TEXAS COURT OF APPEALS, THIRD DISTRICT, AT AUSTIN

                                      NO. 03-07-00120-CR

                                 The State of Texas, Appellant

                                                 v.

                                   Craig Alan Poth, Appellee

    FROM THE DISTRICT COURT OF TRAVIS COUNTY, 299TH JUDICIAL DISTRICT
     NO. D-1-DC-06-900370, HONORABLE CHARLES F. BAIRD, JUDGE PRESIDING

                            MEMORANDUM OPINION

               The State appeals the district court’s order granting appellee Craig Alan Poth’s

motion to quash the indictment in this cause accusing him of felony murder. See Tex. Code Crim.

Proc. Ann. art. 44.01(a)(1) (West 2006) (giving State right of appeal); Tex. Penal Code Ann.

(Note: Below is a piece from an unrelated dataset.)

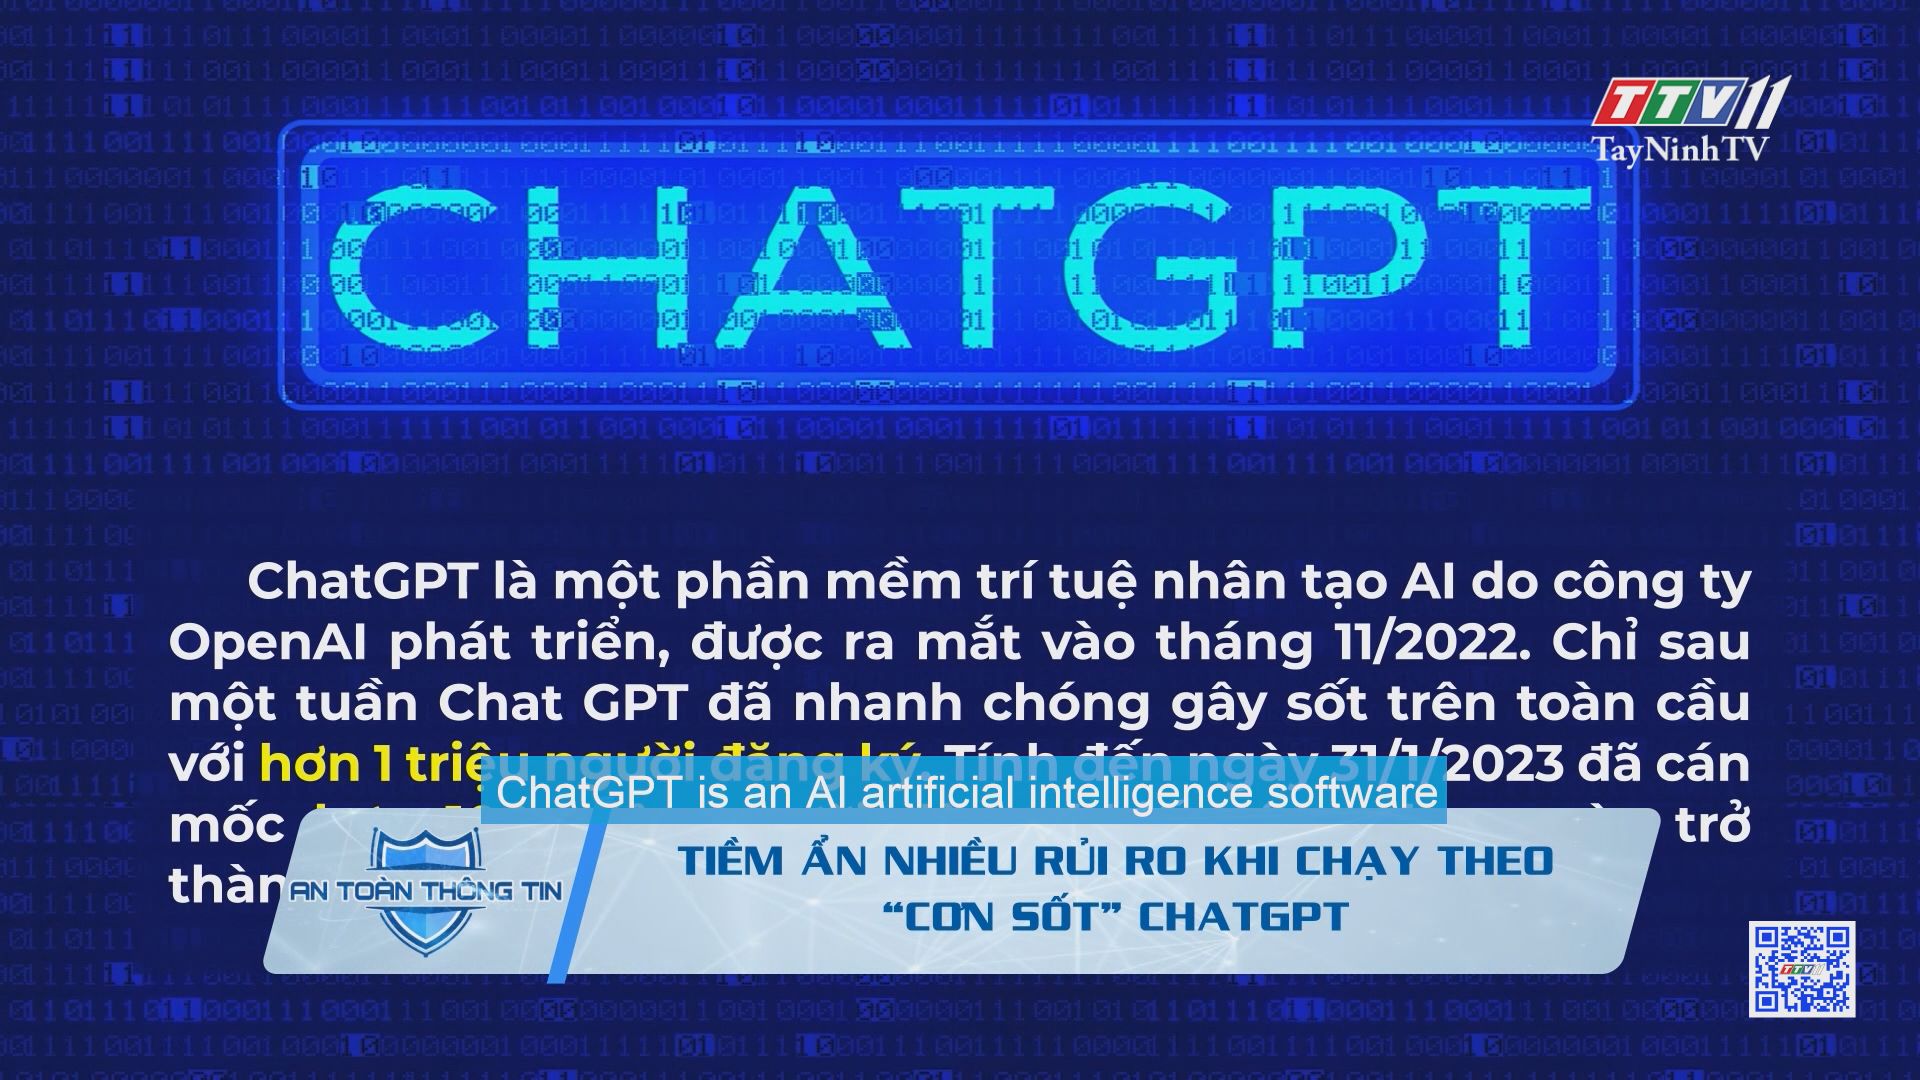 Tiềm ẩn nhiều rủi ro khi chạy theo “cơn sốt” ChatGPT | An toàn thông tin | TayNinhTV

§ 19.02(b)(3) (defining felony murder). The indictment alleges that Poth, while in the course of

committing the felony offense of driving while intoxicated, committed an act clearly dangerous to

human life by driving a motor vehicle into an oncoming lane of traffic and colliding with another

motor vehicle, causing the death of Carolyn Bowles. The district court ruled as a matter of law that

because the offense of driving while intoxicated does not have a culpable mental state, it cannot

serve as the basis for a felony murder prosecution.

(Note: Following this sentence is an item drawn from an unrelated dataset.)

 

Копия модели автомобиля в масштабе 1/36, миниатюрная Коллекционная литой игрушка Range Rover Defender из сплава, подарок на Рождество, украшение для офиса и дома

               While this appeal was pending, the Texas Court of Criminal Appeals announced its

decision in Lomax v. State, No. PD-0944-06, 2007 Tex. Crim. App. LEXIS 870 (Tex. Crim. App.
June 27, 2007). In Lomax, the court held that section 19.02(b)(3) plainly dispenses with a culpable

mental state and that felony driving while intoxicated can be the underlying offense in a felony

murder prosecution. Id. at *1, *7. The court overruled in part the opinion in Rodriguez v. State,

548 S.W.2d 26, 28-29 (Tex. Crim. App. 1977), on which the district court relied in this cause. Id.

at *13-14. In his brief to this Court, Poth’s counsel concedes that the Lomax opinion is dispositive

and that the trial court’s ruling is erroneous in light of this new authority.

                On the authority of Lomax, we reverse the district court’s order dismissing the

indictment and remand the cause for further proceedings.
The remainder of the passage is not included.